# Ready to step up to the next level in lifting



## SuperSaiyan (Feb 18, 2016)

Been lifting for 2 years consistently and off and on before then. Really looking for someone who can help me hone in on my nutrition. I struggle with what to buy and eating frequently enough and I just don't have enough time with my job to really get it right myself. Anyone here and expert nutritionist who could help me reach some goals. I'm looking to cut some fat then try to stay at least somewhat lean from then on out. I know bulking will make me heavy but right now I'm know where near what I want and the world of nutrition just seems to time demanding for me
So after my long rant basically just looking for someone for a decent price can hook me up with a shopping list and what to eat every day. So I can really reach the next level in strength and physic


----------



## ECKSRATED (Feb 18, 2016)

Spongy is the nutrition guy around here.

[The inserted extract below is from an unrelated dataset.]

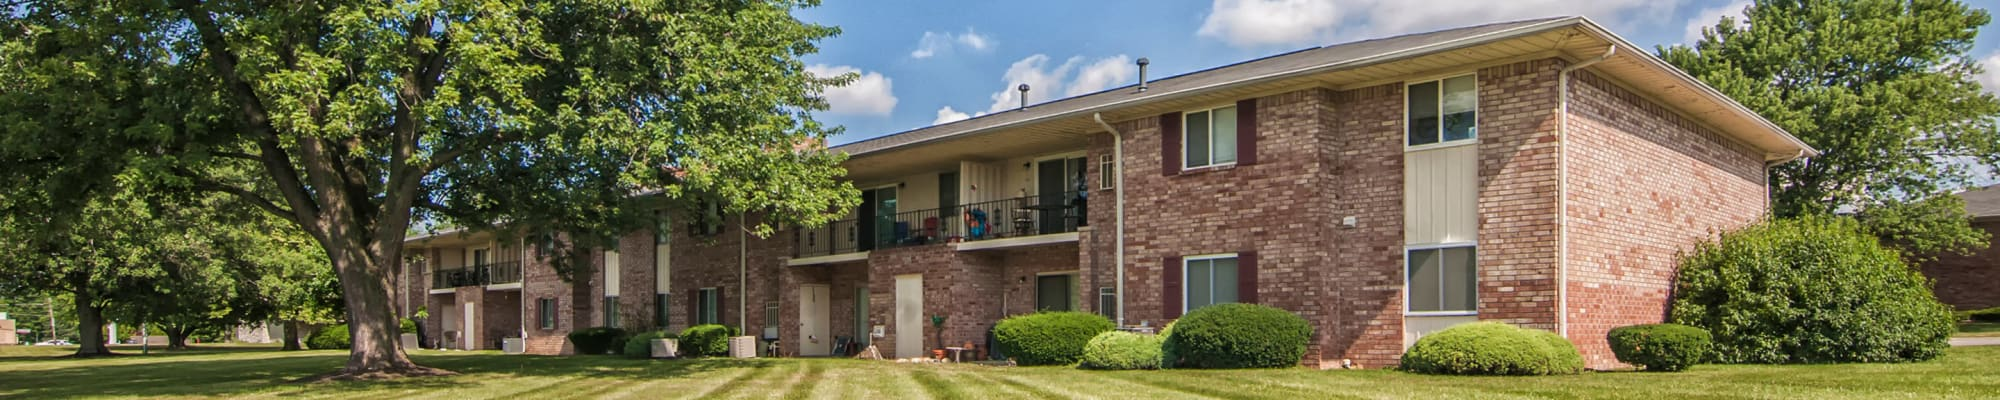 Learn about the neighborhood offerings around Beech Meadow in Beech Grove, Indiana.
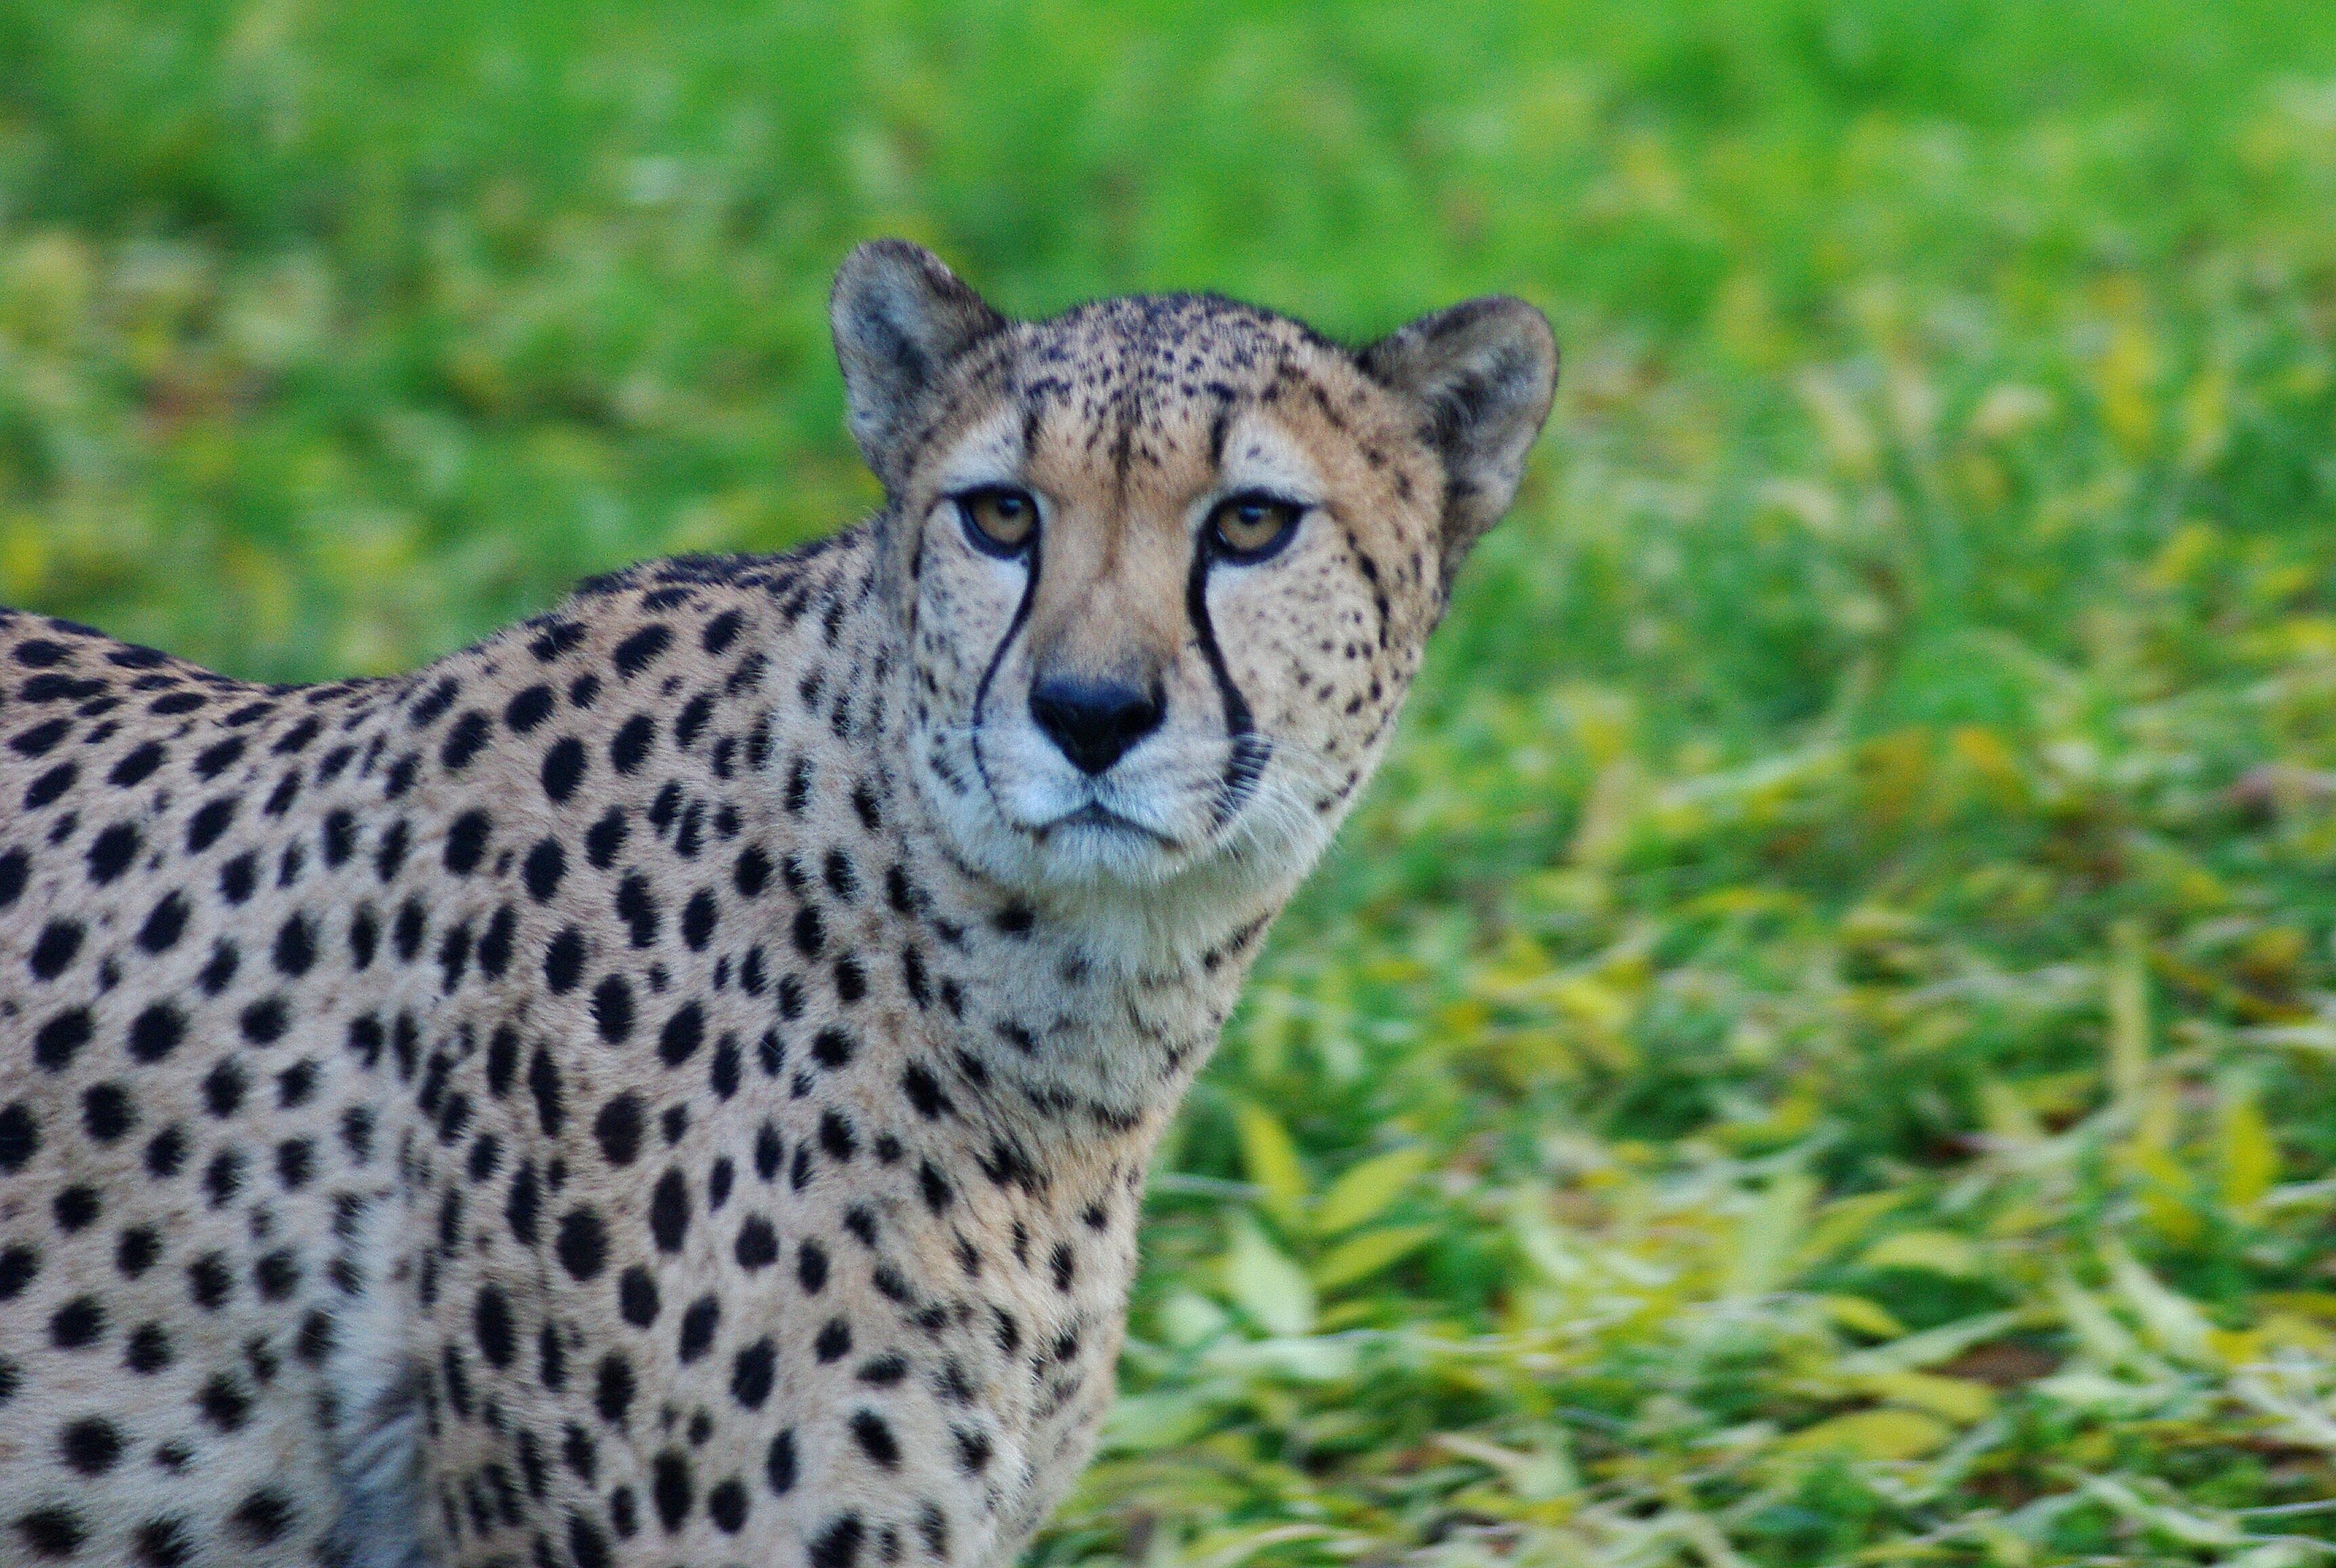 Cheetah, Animal, Brown, Cat, Wild, HQ Photo

He's good at it too.


----------



## SuperSaiyan (Feb 18, 2016)

Whats the best way to contact him?


----------



## ToolSteel (Feb 18, 2016)

He'll be around before long


----------



## mickems (Feb 18, 2016)

Isn't his email address on his sig.?


----------



## bvs (Feb 18, 2016)

spongys email is HeliosNutrition@gmail.com

his forum sub section is
https://www.ugbodybuilding.com/forums/106-Helios-Nutrition


----------



## erny23 (May 9, 2016)

Don't overcomplicate it, just eat whenever you want... you don't have to eat 6 meals a day to grow. This is broscience. If anything it would be the opposite as studies have shown that after a meal, your test drops. Concentrate on total calories and not eating every 2/3 hours like the supplement companies recommend.


----------



## gymrat827 (May 9, 2016)

get with our spong and he will guide you.  spend at least 12wks with him so you learn from him, so you ll know what to do when your time together is done.  

a 12wk diet followed by another 10wks of 80% of your 12wk diet will really take you a long way.  24wks can bring a lot of change.


----------